Description of the task >> Leaving out the pictures, return word for word the stretch of entries below from the line holding "Пример написания шрифтом" through the line holding "Company logo of Clover Farms Dairy".

Task material >>
====================
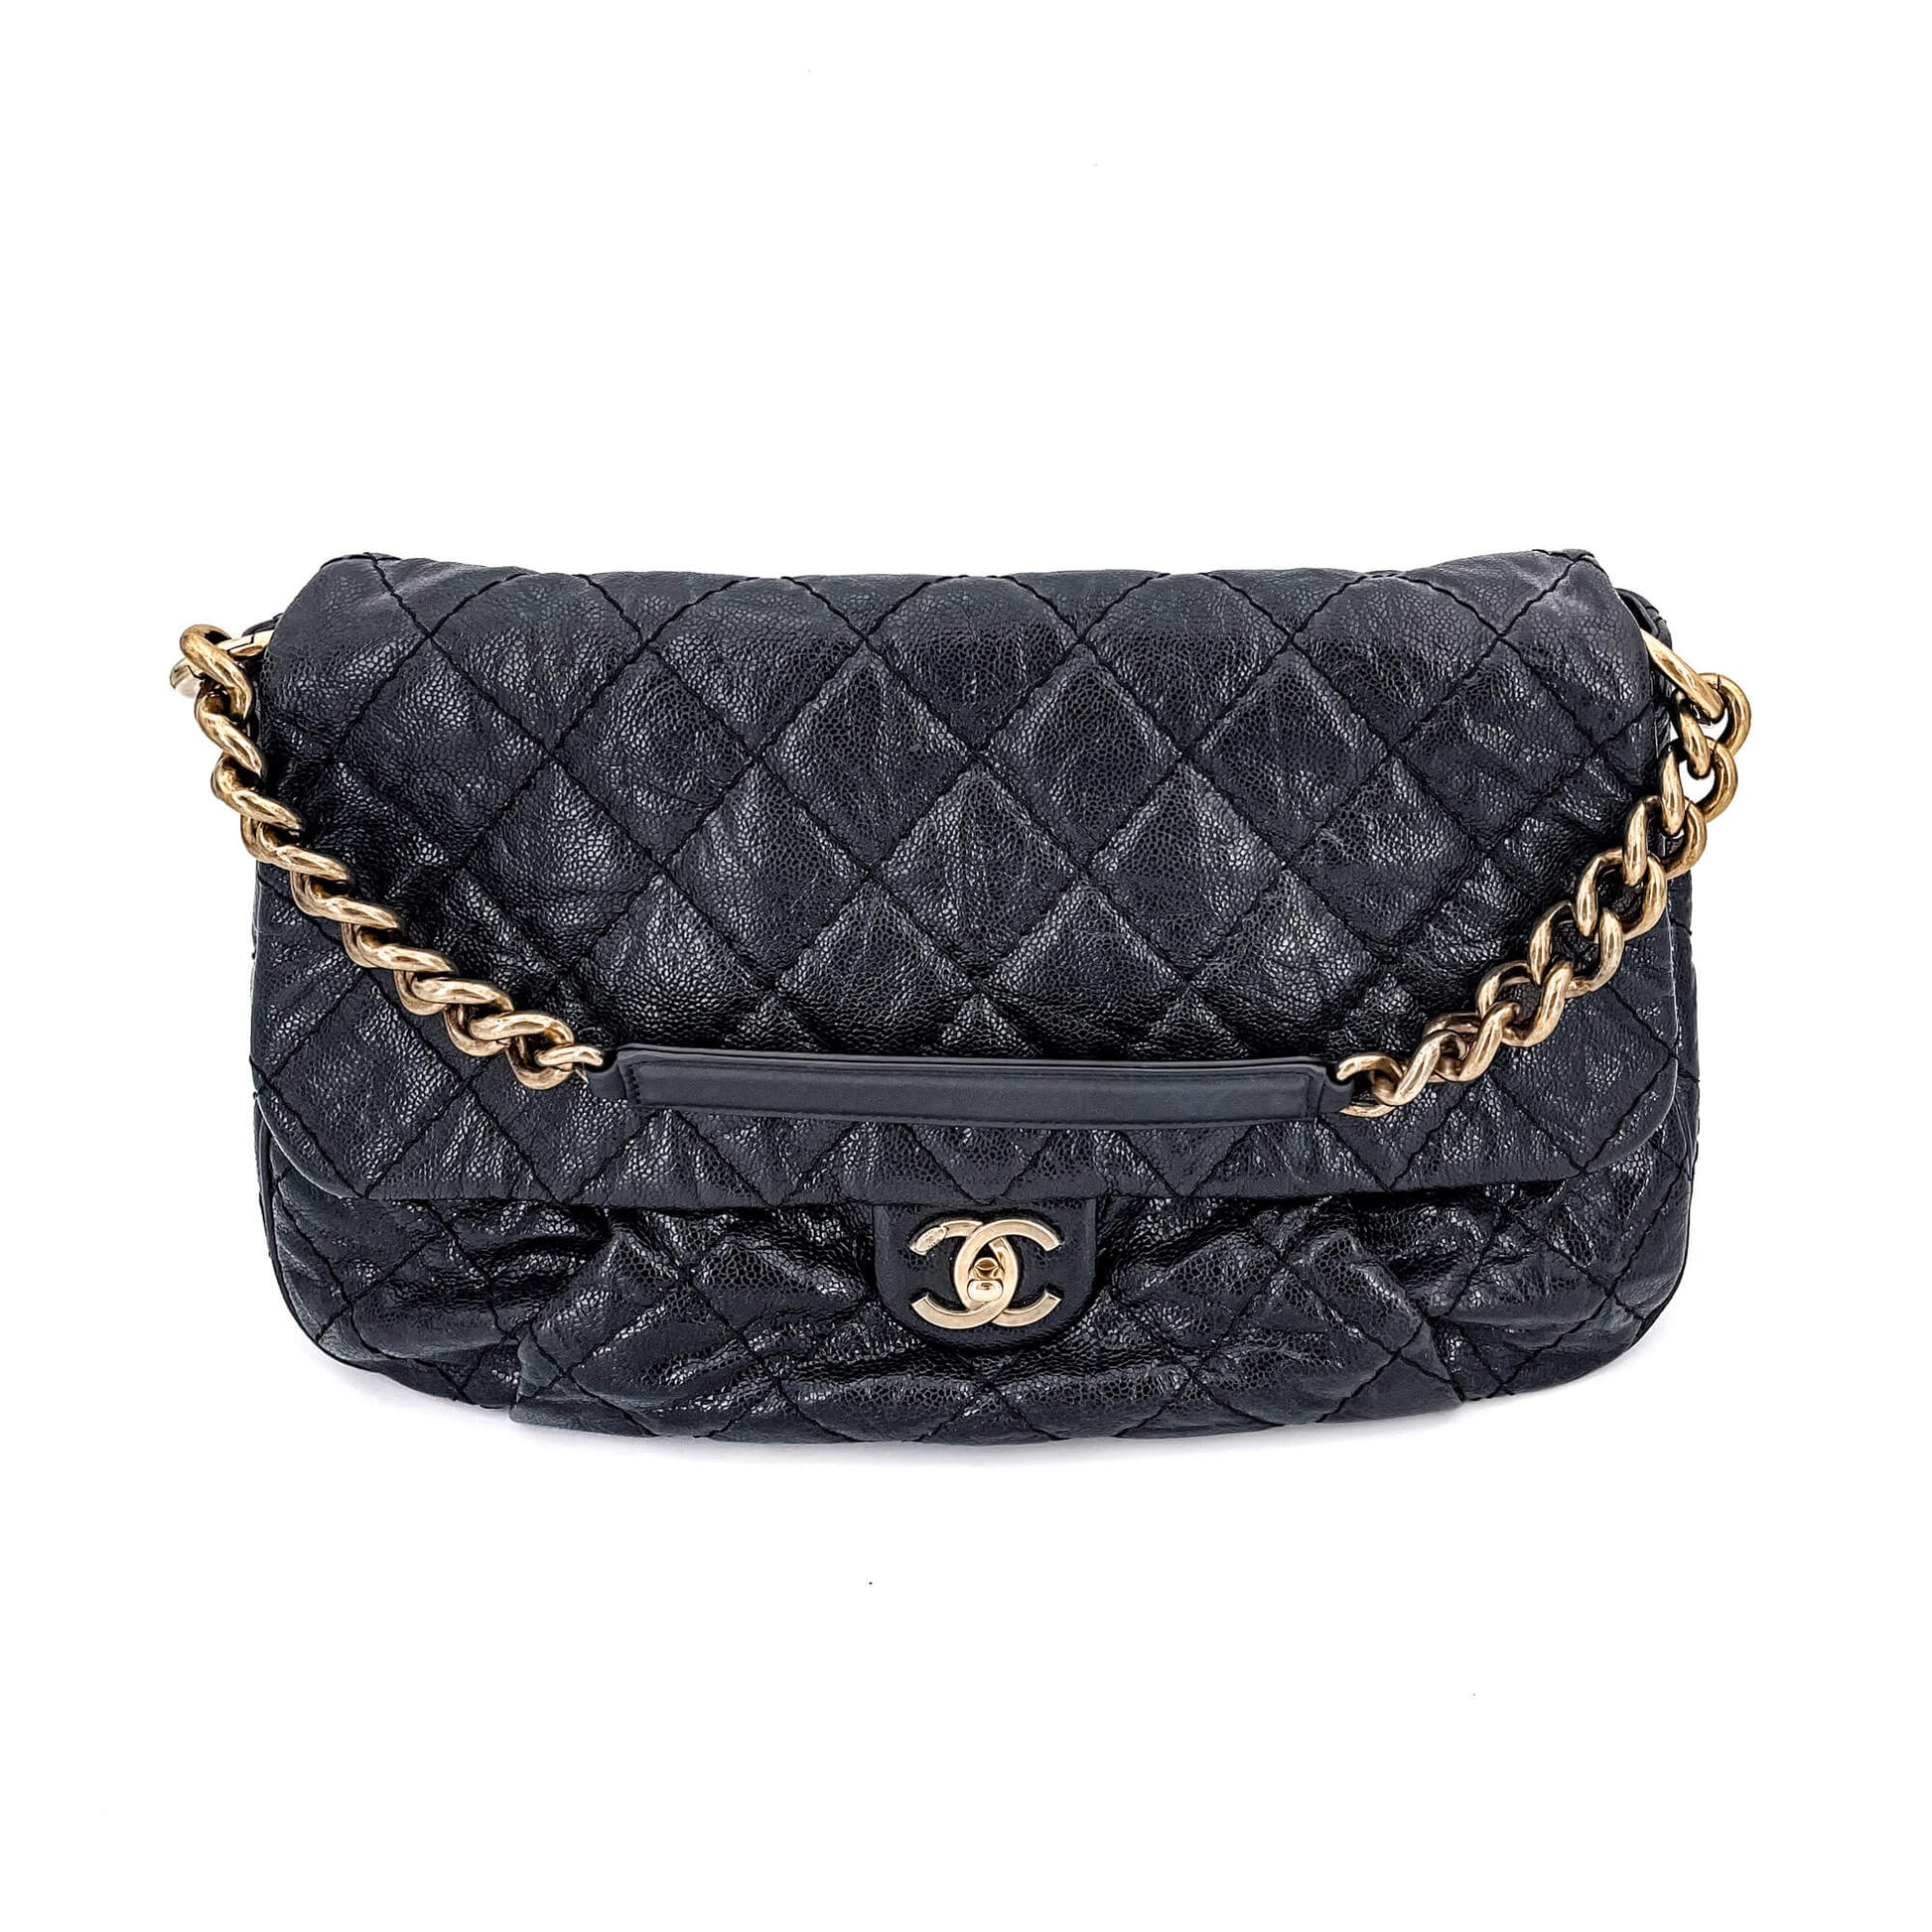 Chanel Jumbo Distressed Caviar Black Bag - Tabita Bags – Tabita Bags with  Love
====================
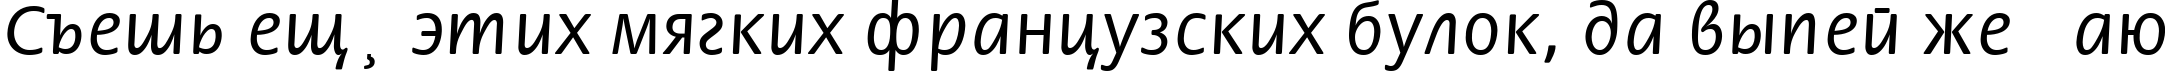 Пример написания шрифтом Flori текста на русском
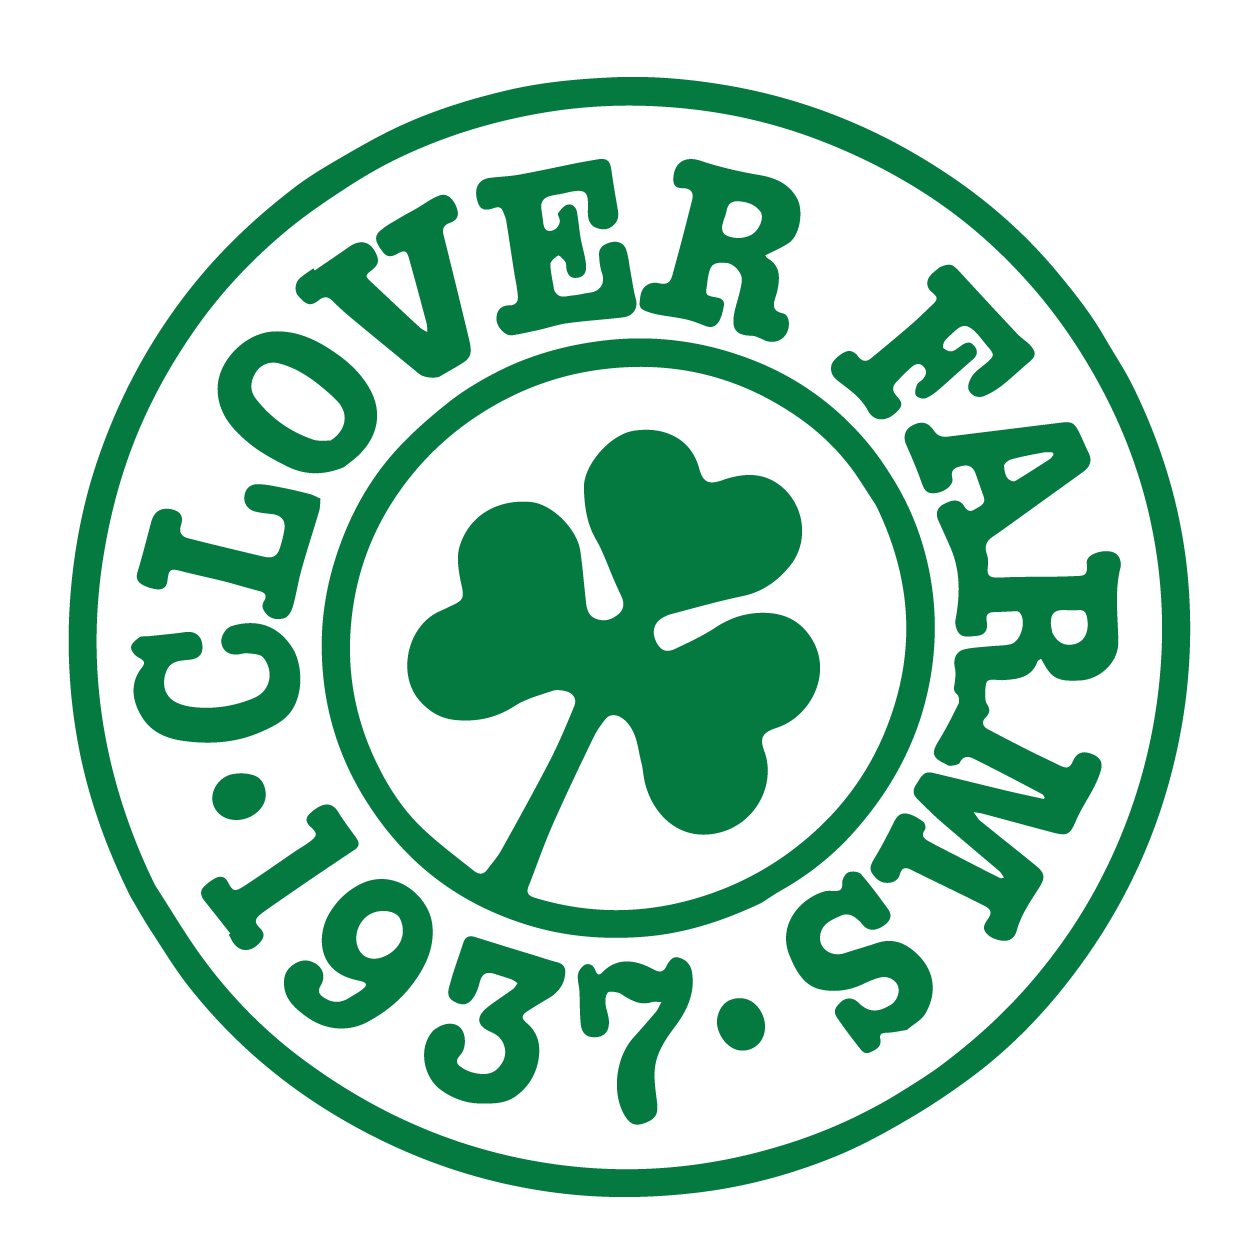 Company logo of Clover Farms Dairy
====================
Result >>
 Пример написания шрифтом Flori текста на русском
 Company logo of Clover Farms Dairy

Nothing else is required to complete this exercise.